[ENTRIES PROVIDED]:
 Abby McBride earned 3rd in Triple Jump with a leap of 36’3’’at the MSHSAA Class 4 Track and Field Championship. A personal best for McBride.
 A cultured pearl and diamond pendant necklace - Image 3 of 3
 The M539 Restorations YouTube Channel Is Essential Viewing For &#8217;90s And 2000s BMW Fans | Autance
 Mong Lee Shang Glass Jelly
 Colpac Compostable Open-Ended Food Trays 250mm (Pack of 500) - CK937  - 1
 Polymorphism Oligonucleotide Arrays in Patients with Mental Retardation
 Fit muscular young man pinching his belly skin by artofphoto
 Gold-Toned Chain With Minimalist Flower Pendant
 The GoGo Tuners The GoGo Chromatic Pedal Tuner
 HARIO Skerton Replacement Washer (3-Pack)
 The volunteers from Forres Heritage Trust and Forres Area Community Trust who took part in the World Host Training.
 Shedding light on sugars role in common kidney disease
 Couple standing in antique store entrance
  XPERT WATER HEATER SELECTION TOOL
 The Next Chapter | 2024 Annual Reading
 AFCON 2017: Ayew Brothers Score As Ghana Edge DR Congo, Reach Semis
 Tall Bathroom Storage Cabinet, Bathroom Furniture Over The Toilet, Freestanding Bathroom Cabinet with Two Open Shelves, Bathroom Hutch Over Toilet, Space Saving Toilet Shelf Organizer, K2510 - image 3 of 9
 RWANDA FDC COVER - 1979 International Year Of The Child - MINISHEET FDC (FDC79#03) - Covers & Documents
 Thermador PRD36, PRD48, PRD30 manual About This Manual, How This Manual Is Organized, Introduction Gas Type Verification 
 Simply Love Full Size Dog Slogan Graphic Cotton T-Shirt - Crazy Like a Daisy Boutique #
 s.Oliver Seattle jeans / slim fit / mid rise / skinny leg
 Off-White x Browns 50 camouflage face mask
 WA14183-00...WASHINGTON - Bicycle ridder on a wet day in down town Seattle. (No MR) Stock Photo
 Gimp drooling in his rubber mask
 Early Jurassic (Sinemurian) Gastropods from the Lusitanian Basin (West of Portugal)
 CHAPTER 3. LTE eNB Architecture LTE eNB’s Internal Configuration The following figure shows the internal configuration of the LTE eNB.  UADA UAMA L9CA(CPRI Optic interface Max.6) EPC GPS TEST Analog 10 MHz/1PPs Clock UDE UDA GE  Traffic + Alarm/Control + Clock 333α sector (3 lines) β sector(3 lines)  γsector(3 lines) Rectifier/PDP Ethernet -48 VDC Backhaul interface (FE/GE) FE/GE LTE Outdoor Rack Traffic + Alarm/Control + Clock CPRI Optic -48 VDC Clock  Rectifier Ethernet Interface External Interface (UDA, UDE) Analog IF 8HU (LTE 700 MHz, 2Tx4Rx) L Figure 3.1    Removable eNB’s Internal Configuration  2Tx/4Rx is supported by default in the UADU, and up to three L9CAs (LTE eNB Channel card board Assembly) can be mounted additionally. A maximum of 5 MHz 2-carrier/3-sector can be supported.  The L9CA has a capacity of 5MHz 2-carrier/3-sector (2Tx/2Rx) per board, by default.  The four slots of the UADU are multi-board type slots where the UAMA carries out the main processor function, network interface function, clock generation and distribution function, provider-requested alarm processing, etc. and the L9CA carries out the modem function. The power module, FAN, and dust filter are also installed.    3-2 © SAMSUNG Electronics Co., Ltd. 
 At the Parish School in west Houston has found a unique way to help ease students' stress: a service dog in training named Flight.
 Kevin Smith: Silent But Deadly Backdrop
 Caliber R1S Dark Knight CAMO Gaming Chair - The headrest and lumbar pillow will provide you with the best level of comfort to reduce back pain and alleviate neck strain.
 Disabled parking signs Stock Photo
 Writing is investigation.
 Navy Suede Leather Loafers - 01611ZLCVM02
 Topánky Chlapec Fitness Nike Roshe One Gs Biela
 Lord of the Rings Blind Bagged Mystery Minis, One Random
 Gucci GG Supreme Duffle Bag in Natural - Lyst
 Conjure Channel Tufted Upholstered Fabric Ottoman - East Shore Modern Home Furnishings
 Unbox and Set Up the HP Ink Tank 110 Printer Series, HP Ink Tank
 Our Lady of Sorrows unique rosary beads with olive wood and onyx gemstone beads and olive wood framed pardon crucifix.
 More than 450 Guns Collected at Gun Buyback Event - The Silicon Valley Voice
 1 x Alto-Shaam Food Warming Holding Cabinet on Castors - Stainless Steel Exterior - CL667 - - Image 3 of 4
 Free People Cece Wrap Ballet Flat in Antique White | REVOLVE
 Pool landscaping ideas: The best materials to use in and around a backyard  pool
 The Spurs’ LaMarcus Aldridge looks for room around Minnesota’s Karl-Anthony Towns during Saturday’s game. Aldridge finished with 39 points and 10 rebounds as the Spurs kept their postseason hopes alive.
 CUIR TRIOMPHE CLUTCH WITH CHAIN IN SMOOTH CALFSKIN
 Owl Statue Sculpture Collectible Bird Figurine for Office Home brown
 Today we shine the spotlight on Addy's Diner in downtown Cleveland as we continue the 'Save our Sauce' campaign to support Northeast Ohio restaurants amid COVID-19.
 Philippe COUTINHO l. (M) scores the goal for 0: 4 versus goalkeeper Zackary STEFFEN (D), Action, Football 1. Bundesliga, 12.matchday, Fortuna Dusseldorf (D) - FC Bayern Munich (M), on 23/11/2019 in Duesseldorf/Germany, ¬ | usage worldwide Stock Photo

[EXERCISE DESCRIPTION]: Check every line of the entries above, and copy those that carry the string "Food".

[THE COMPLETED TASK]:
 Colpac Compostable Open-Ended Food Trays 250mm (Pack of 500) - CK937  - 1
 1 x Alto-Shaam Food Warming Holding Cabinet on Castors - Stainless Steel Exterior - CL667 - - Image 3 of 4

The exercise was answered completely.